Is There a Fee for Using a Media Server?
Have you ever wondered how platforms like YouTube and Facebook can offer livestreaming services for free, while others charge for it? The answer is simple: they do charge for it—just not directly. These social media giants generate revenue by monetizing user data. They know an incredible amount about their users, and the income from selling this data helps fund the massive IT infrastructure that powers their livestreaming services, which in turn attracts even more users.
Understanding the Media Server Usage Fee
A media server (or streaming server) is a central component in live broadcasting. For example, a video production crew typically sends their feed from an OB van to a media server, which viewers can access online to watch the broadcast. Today, global internet infrastructure plays a major role in delivering these streams. CDN (Content Delivery Network) services ensure that viewers around the world can access the stream quickly and with consistent quality.
Streaming video—whether live or on demand—consumes data. This is the most crucial metric today, and it’s how media server and CDN providers calculate pricing. The only real question is who ends up paying that bill. For instance, Netflix uses a subscription model, while others charge based on actual data usage.
Why Should Event Organizers and Rights Holders Care?
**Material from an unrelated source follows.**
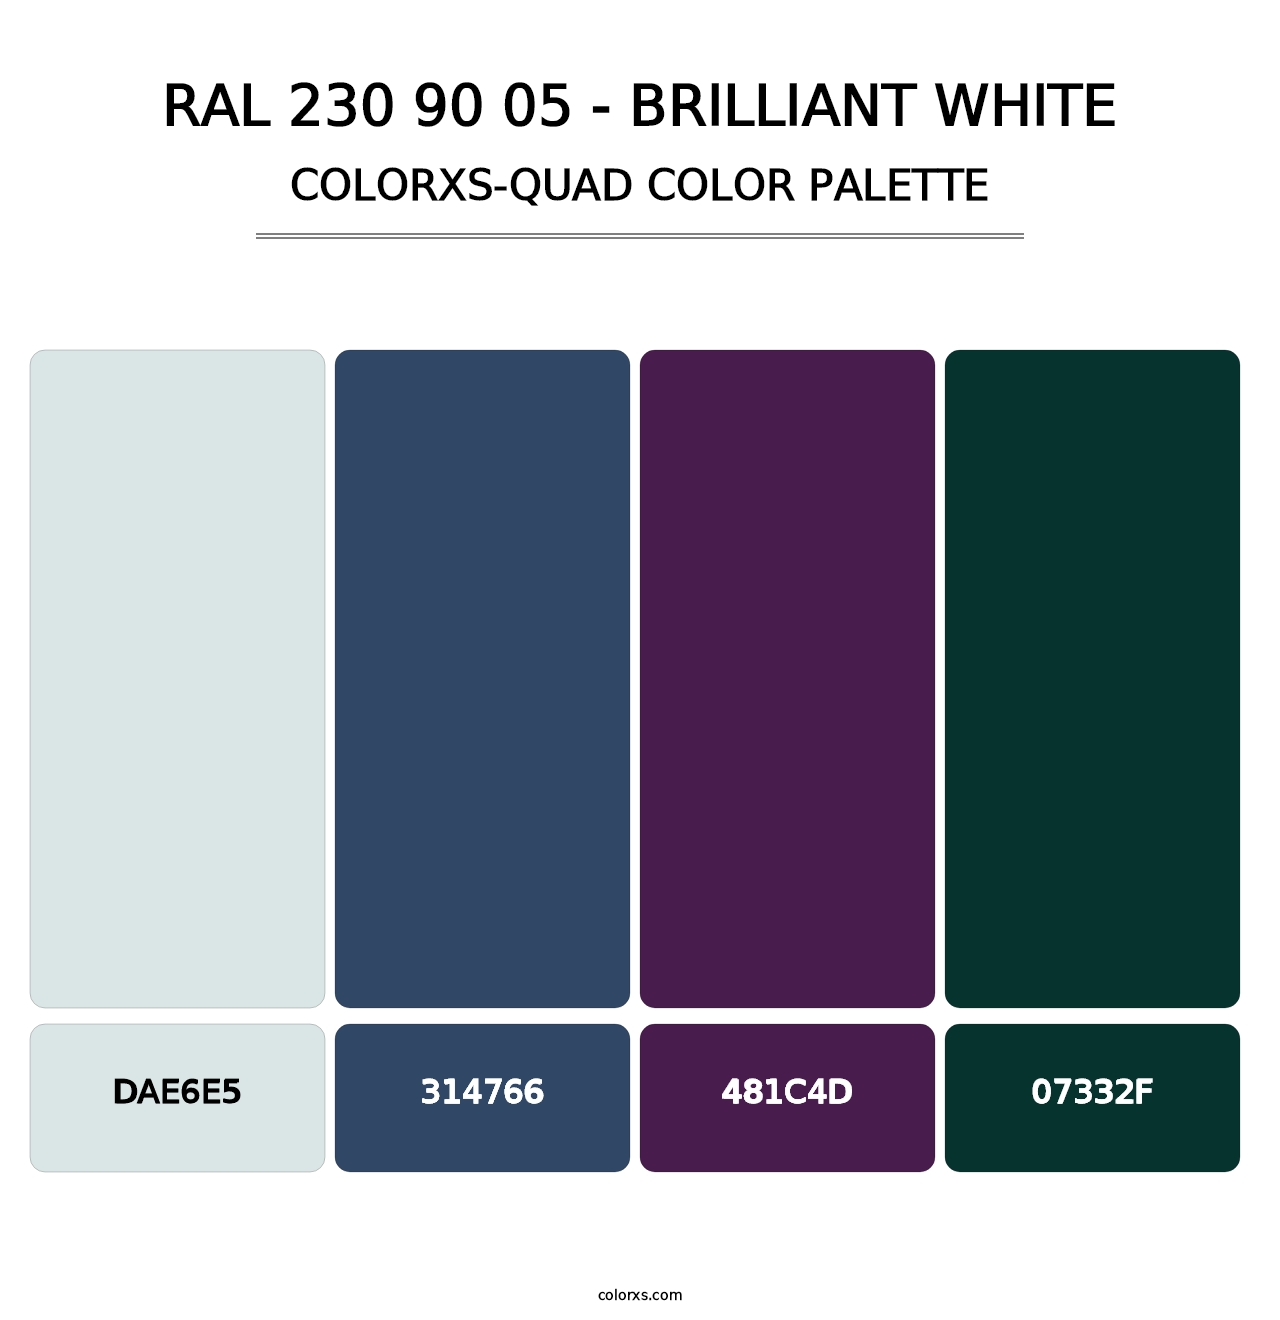 RAL 230 90 05 - Brilliant White - Colorxs Quad Palette

The time will inevitably come when free streaming services are no longer viable for professional broadcasts. YouTube might block a stream due to music licensing issues or run competitor ads over your content. Facebook deletes livestreams after 30 days and might cut off a stream immediately due to music rights. When these limitations start to impact your brand or event, you’ll need a streaming solution that gives you full control. And at that point, you’ll have to consider how many viewers you expect—and how much data traffic that will generate.

The logic of data usage
Data consumption in livestreaming is straightforward: the more people watch your broadcast online, the more bandwidth is used. And the higher the video quality, the more data is transmitted—and the more expensive it becomes to operate the streaming infrastructure. So yes, the cost of a media server is closely tied to viewership numbers. But it’s most useful to evaluate this cost per viewer right from the planning stage, especially since success is typically measured in terms of audience size. We can help you calculate that in advance or provide accurate post-event statistics.
The Trap of Viewership Metrics
So what exactly is your viewership? It may seem like a simple question, but it’s not. There’s a reason YouTube and Facebook never reveal the number of unique viewers in their stats. Sure, you see a number—but if someone clicks on your video, it often counts as a view even if they only watched for a few seconds.
We’re flooded with statistics showing seconds watched, click counts, and engagement rates. But do those metrics really matter for live broadcasting? Or is it more important to know how many different people actually watched your live stream in a stable, sustained way? The real number of unique viewers is more and more harder to get from providers.